An anonymous review of Kim published in the Yale Literary Magazine in 1901 suggested that the character of the Woman of Shamlegh in Kipling's novel might be Lispeth: "The Hill woman who helps Kim and the Holy man may be none other than Lispeth, whom we knew in 'Plain Tales from the Hills.' For she too, when a girl at the mission house, had nursed back to health a 'Sahib' who said he would return and wed her, but never did return. So she had gone back to her people. But, though lost to the 'Ker-lis-te-ans,' if she is indeed Lispeth, still in 'Kim' by service does she 'acquire merit beyond all others.'" Information on the Kipling Society's website gives a similar interpretation: "She next appears in Kim as the 'Woman of Shamlegh', and makes unsuccessful overtures to him although he does give her a kiss on the cheek. This is an interesting link between Kipling’s first book on India and his last and somewhat of a contradiction in the fate of Lispeth in this story and her more successful life in Kim, where Lockwood Kipling’s illustration shows her as a well-built and obviously prosperous woman."

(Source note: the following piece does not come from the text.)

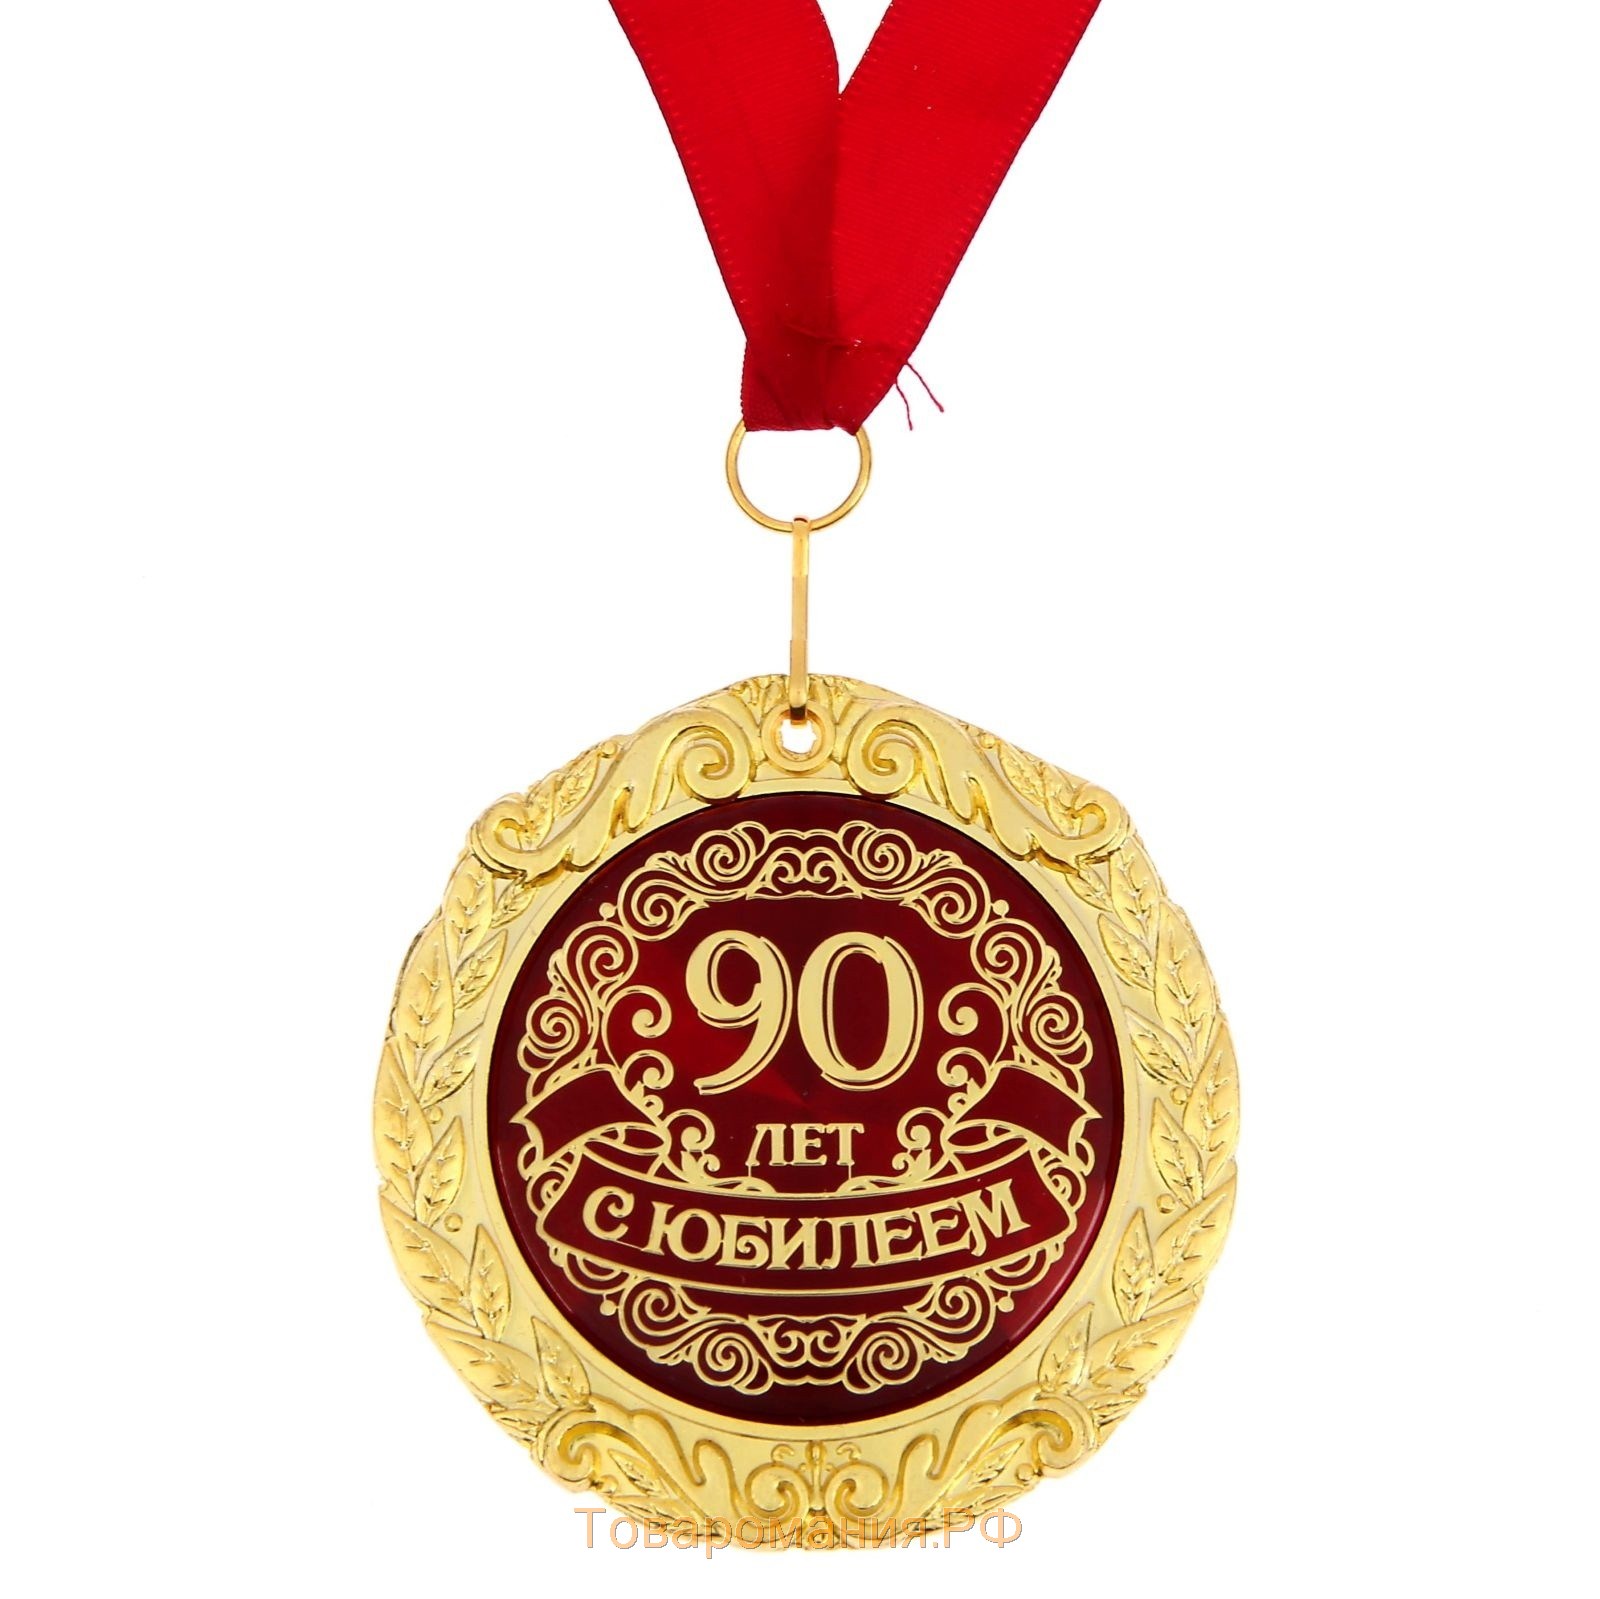 Поздравить 90 лет. Медаль с юбилеем. С юбилеем 90 лет. Медаль 90 лет. Медаль с юбилеем 90.
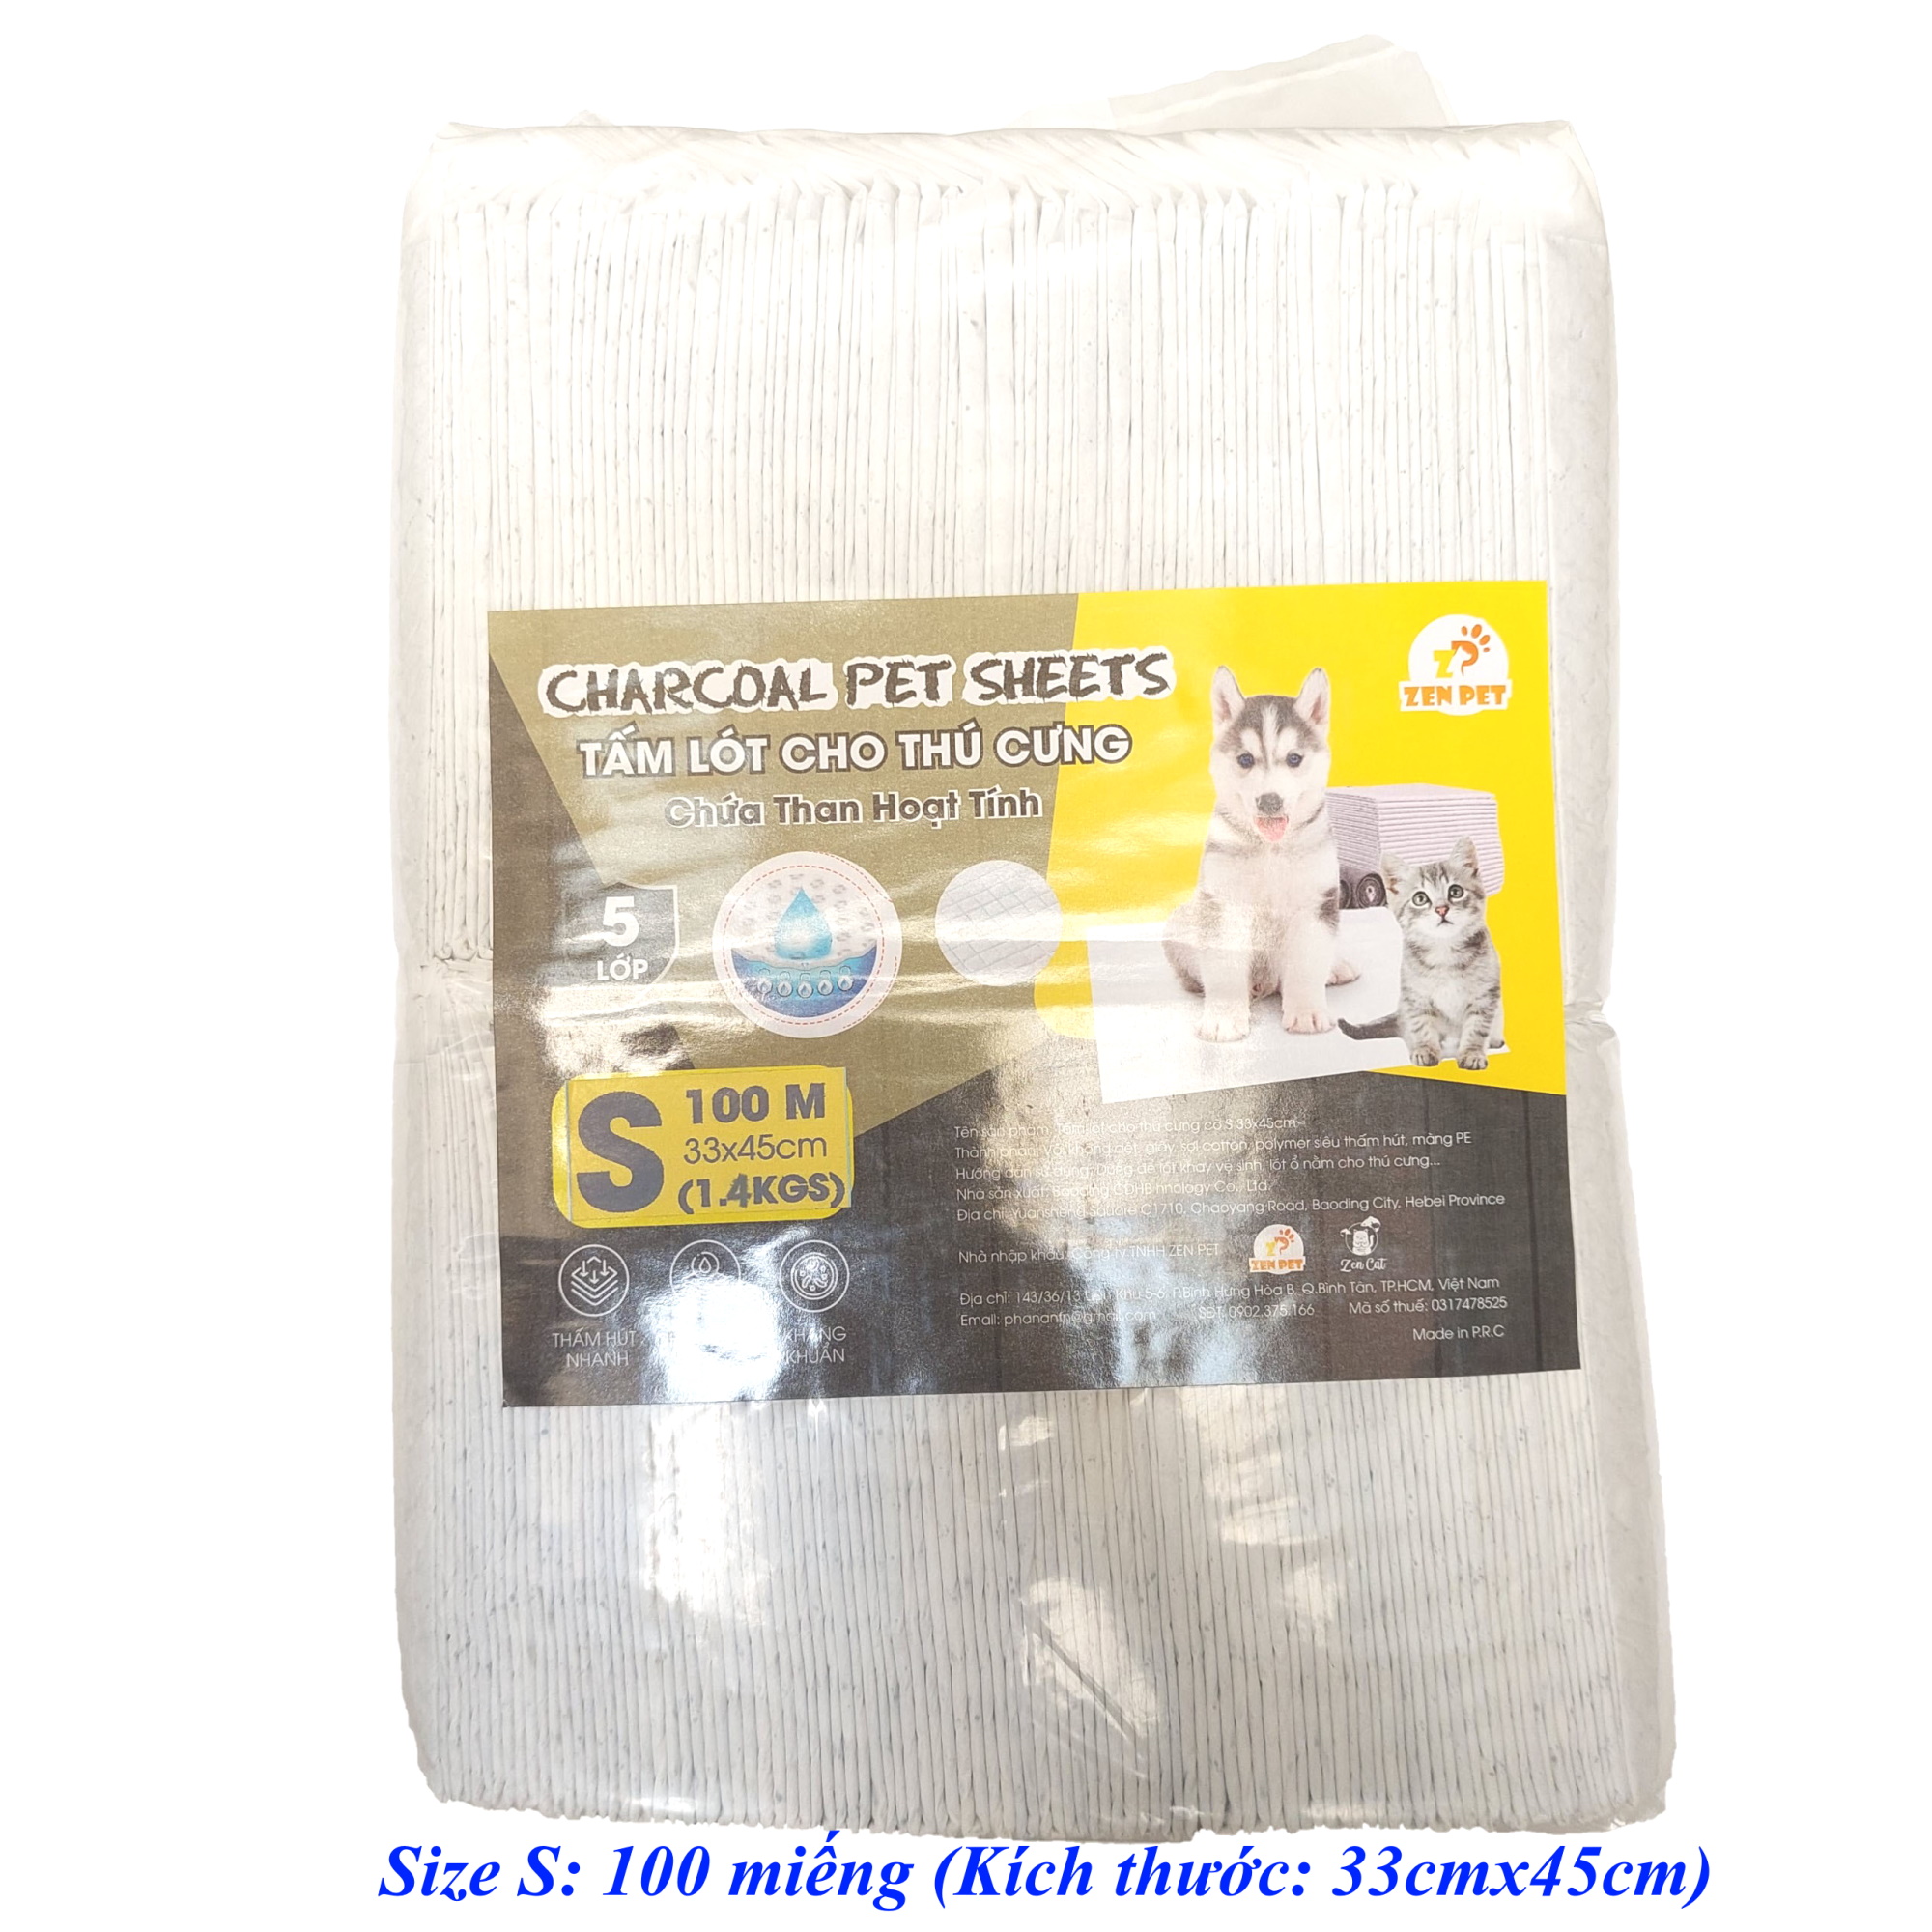 Tã lót chuồng cho Chó Mèo Chứa than hoạt tính Zen Pet Charcoal Pet Sheets 5 lớp Siêu thấm hút, khô thoáng, kháng khuẩn

In Narratives of Empire: The Fictions of Rudyard Kipling Zohreh T. Sullivan argues: "Sexually exploited and abandoned, [Lispeth] suggests the larger betrayal of the Indians by their colonizers (McClure 1981 : 75-6). Kim will refuse her sexual invitation, not only to show his moral superiority over callous Sahibs, but also to prove that he has passed a crucial test of colonial manhood–the denial of sexuality."

== Critical response ==

In 1890 The Atlanta Constitution published "Lispeth" in their newspaper and wrote that it "has a good deal of the cynicism with which Mr. Kipling is credited." An anonymous review of Plain Tales for the Hills published in The Derby Mercury in 1899 made mention of "Lispeth": "the author illustrates one of the difficulties of missionary work."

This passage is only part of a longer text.